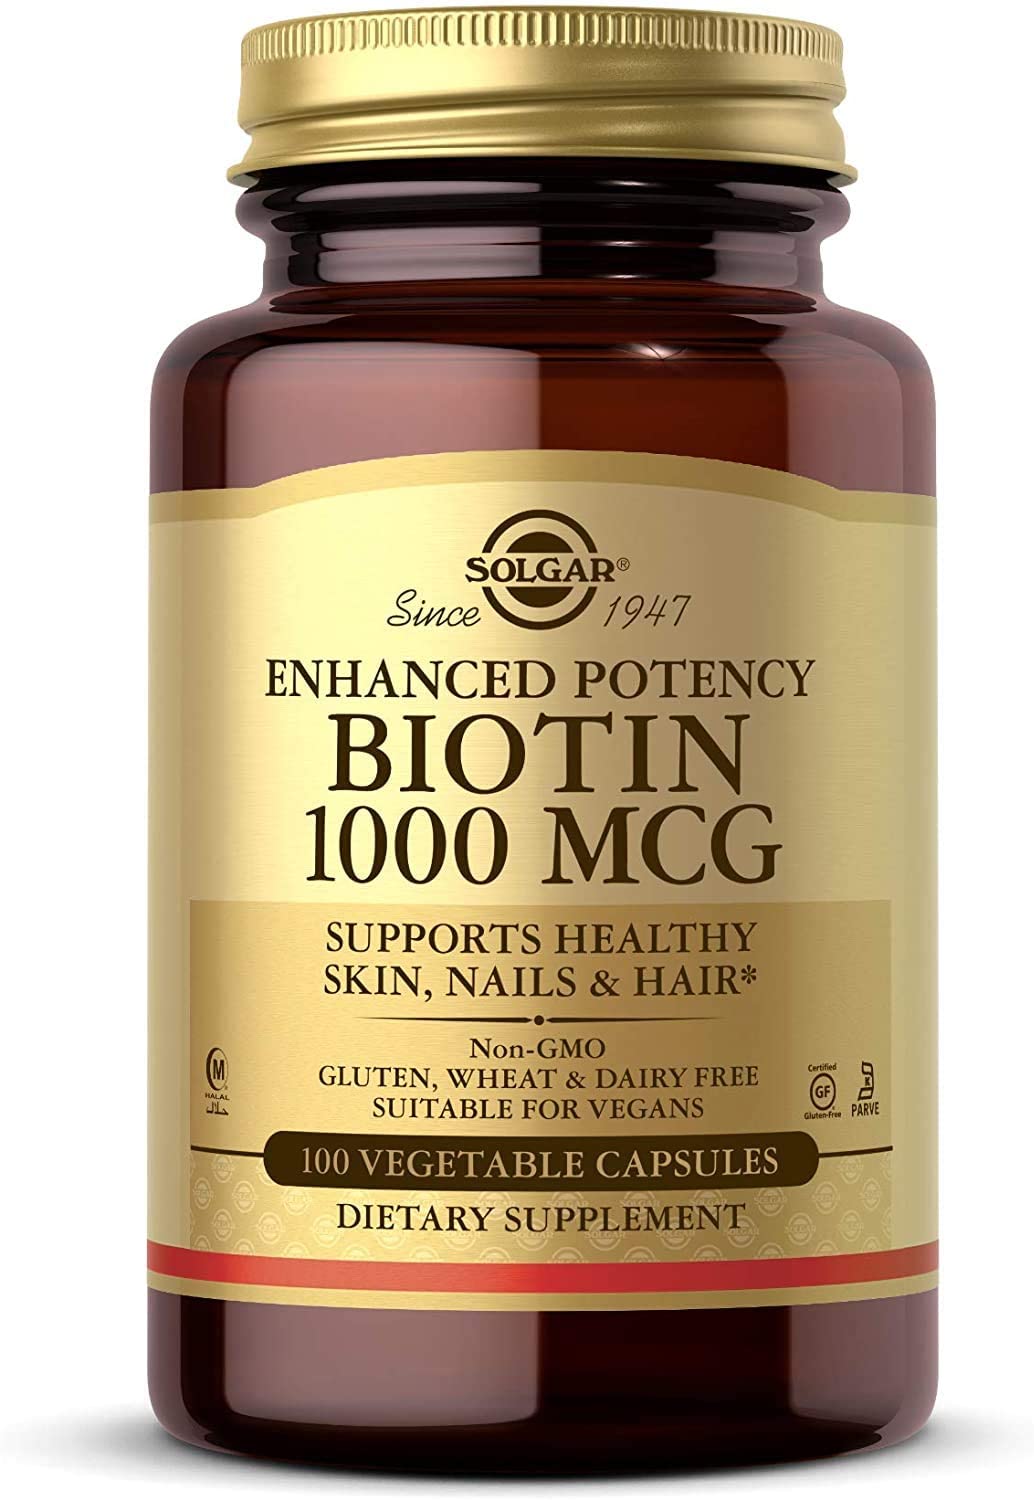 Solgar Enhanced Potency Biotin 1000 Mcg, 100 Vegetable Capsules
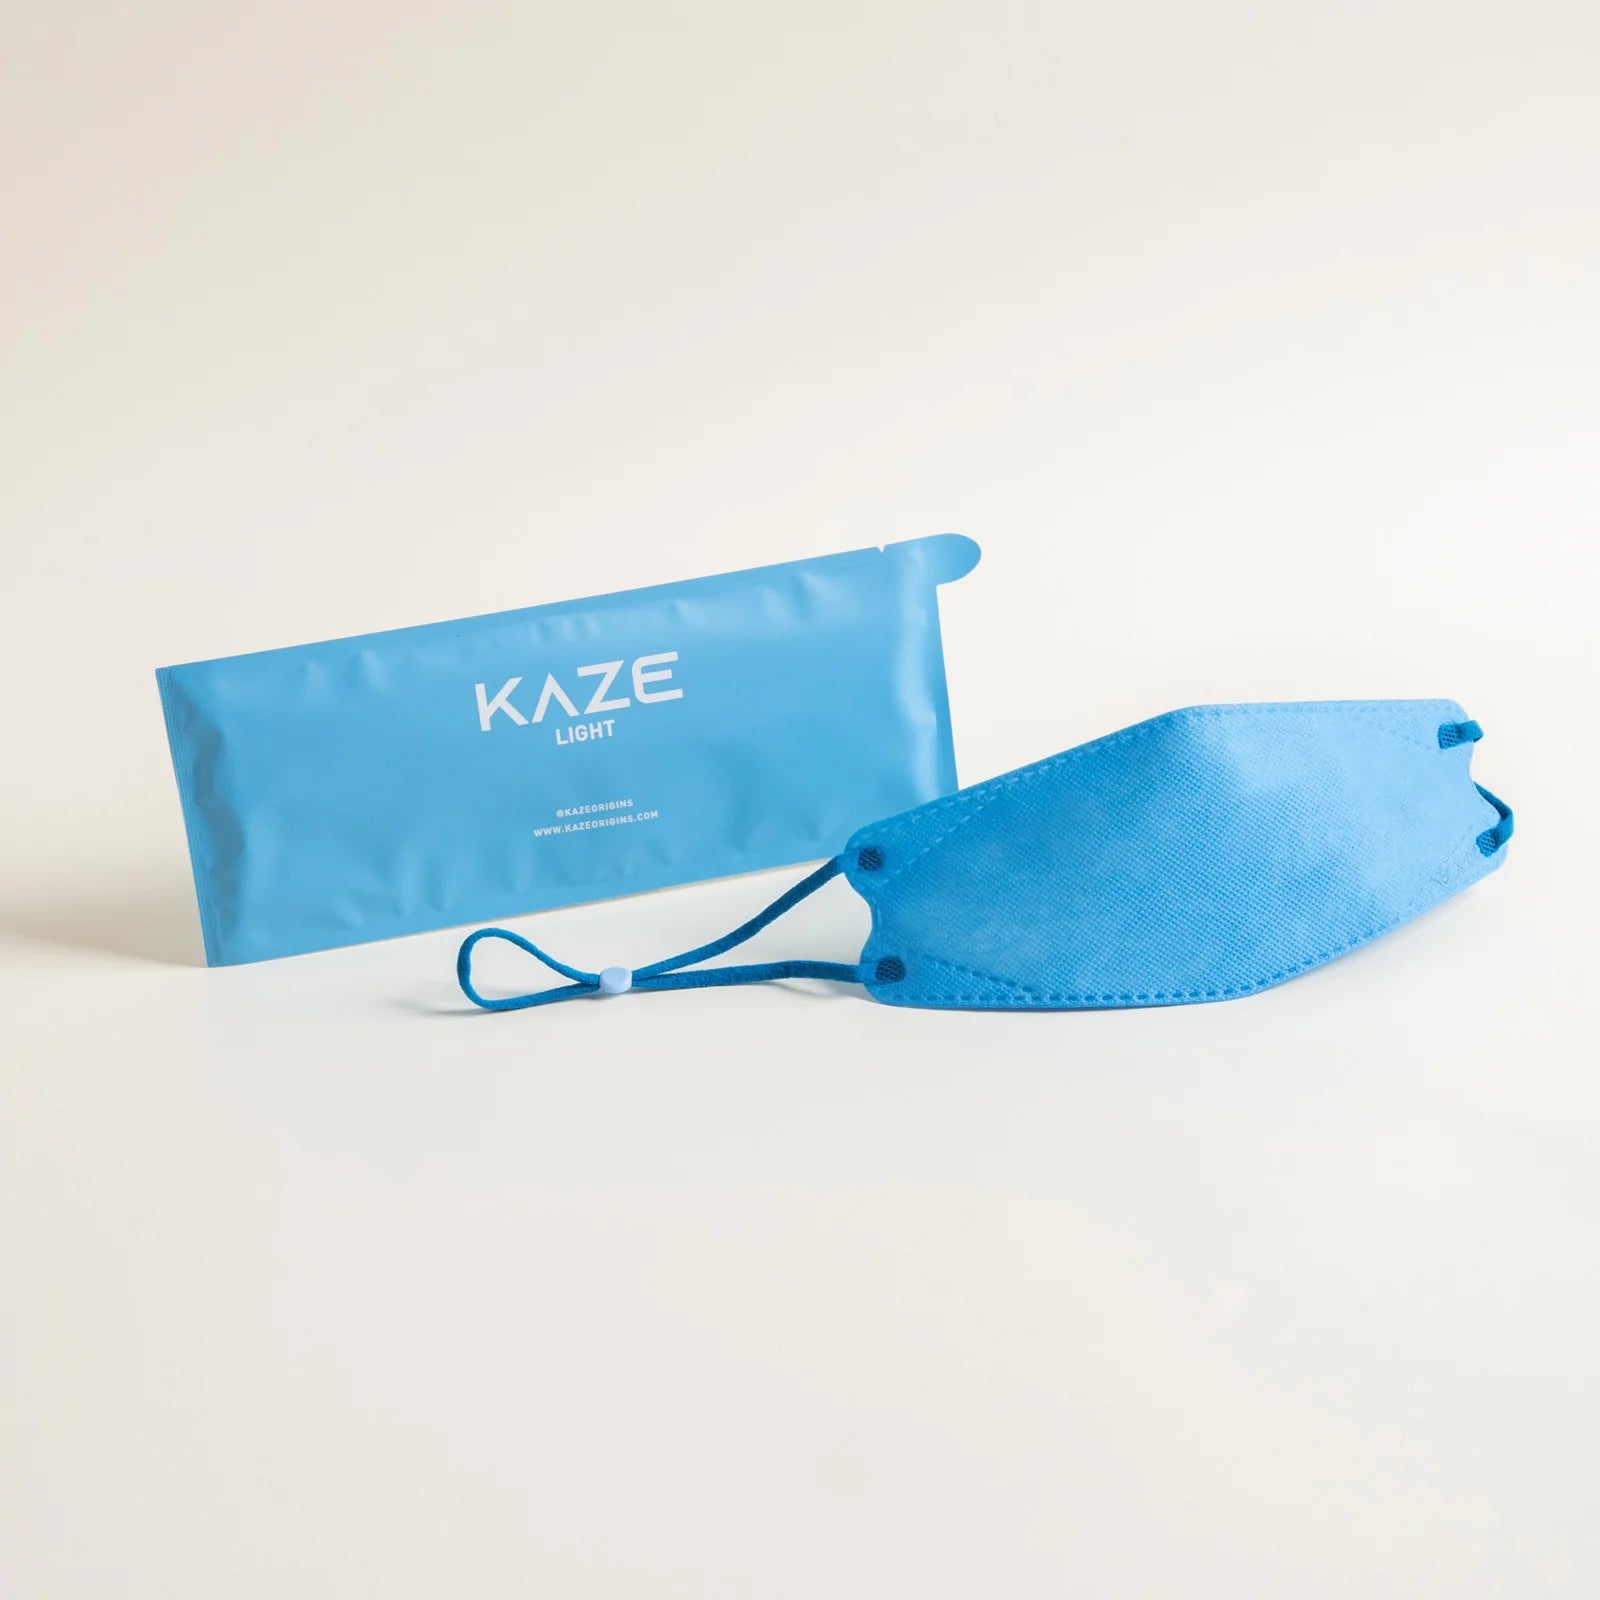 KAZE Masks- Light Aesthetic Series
_ _ _ _ _ _ _
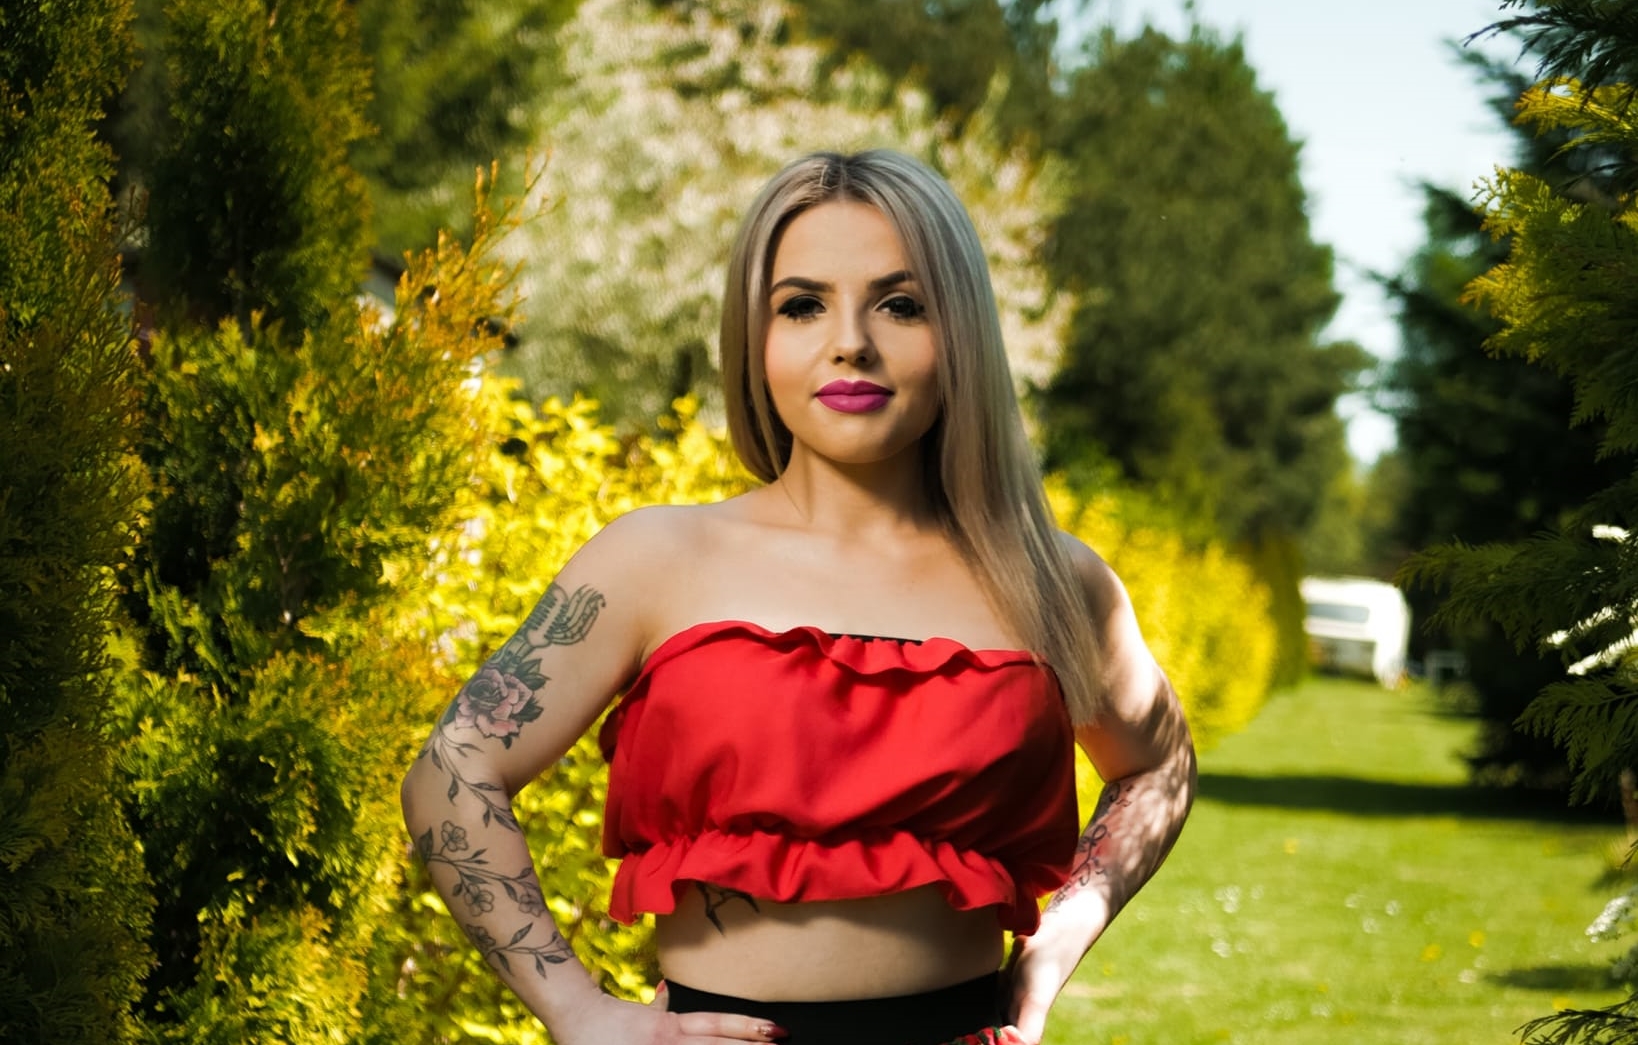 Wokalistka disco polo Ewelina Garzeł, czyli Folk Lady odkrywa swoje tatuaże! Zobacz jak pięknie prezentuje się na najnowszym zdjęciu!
_ _ _ _ _ _ _
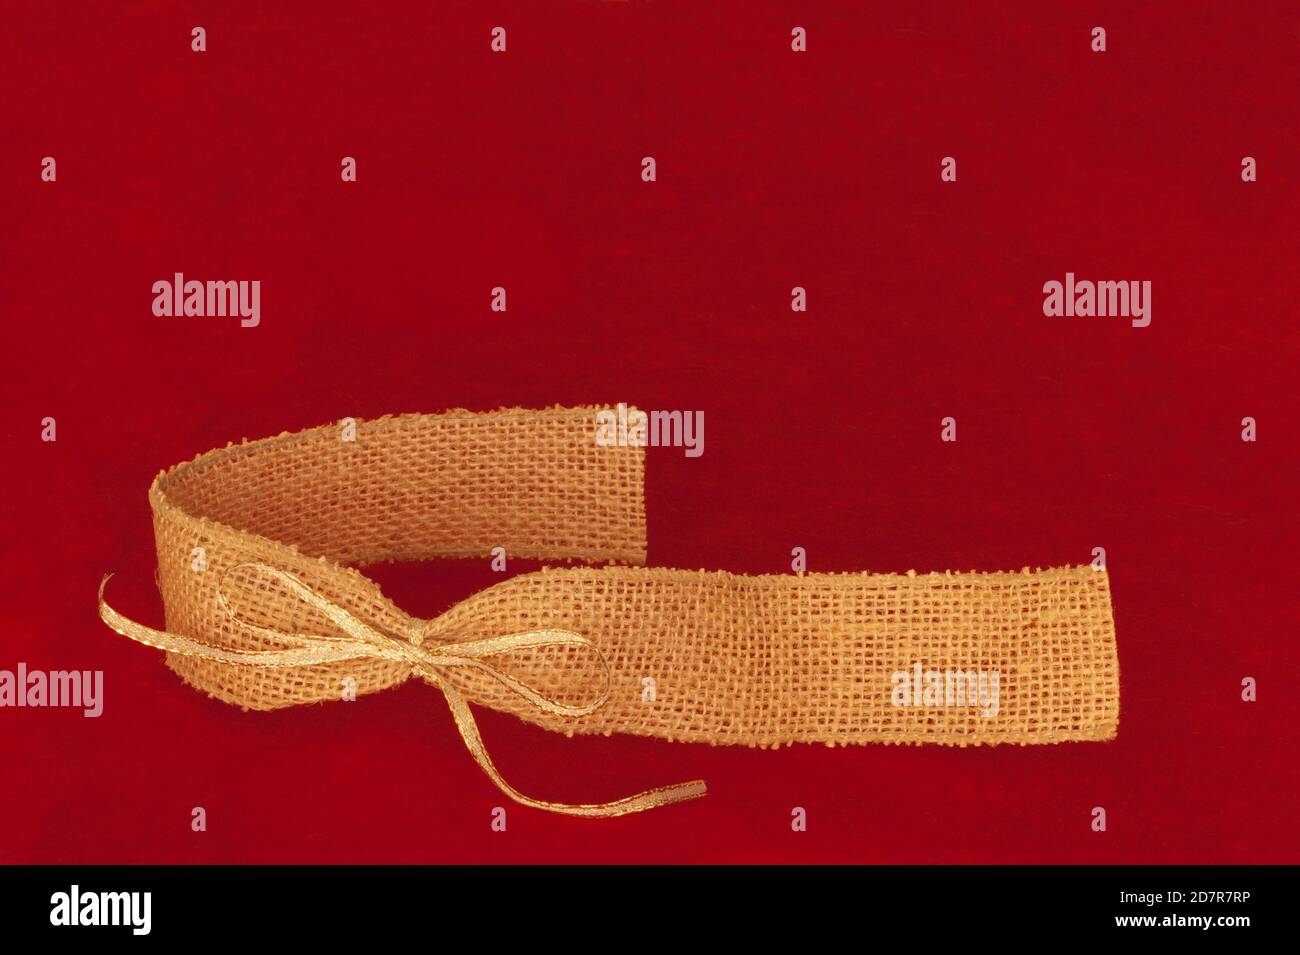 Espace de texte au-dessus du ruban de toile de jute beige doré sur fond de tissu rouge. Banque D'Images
_ _ _ _ _ _ _
The task
Write out, word for word, the stretch of entries that begins at the line with "Solgar Enhanced Potency" and ends at the line with "KAZE Masks- Light Aesthetic Series". Pictures do not belong in it.

Task output
 Solgar Enhanced Potency Biotin 1000 Mcg, 100 Vegetable Capsules
 KAZE Masks- Light Aesthetic Series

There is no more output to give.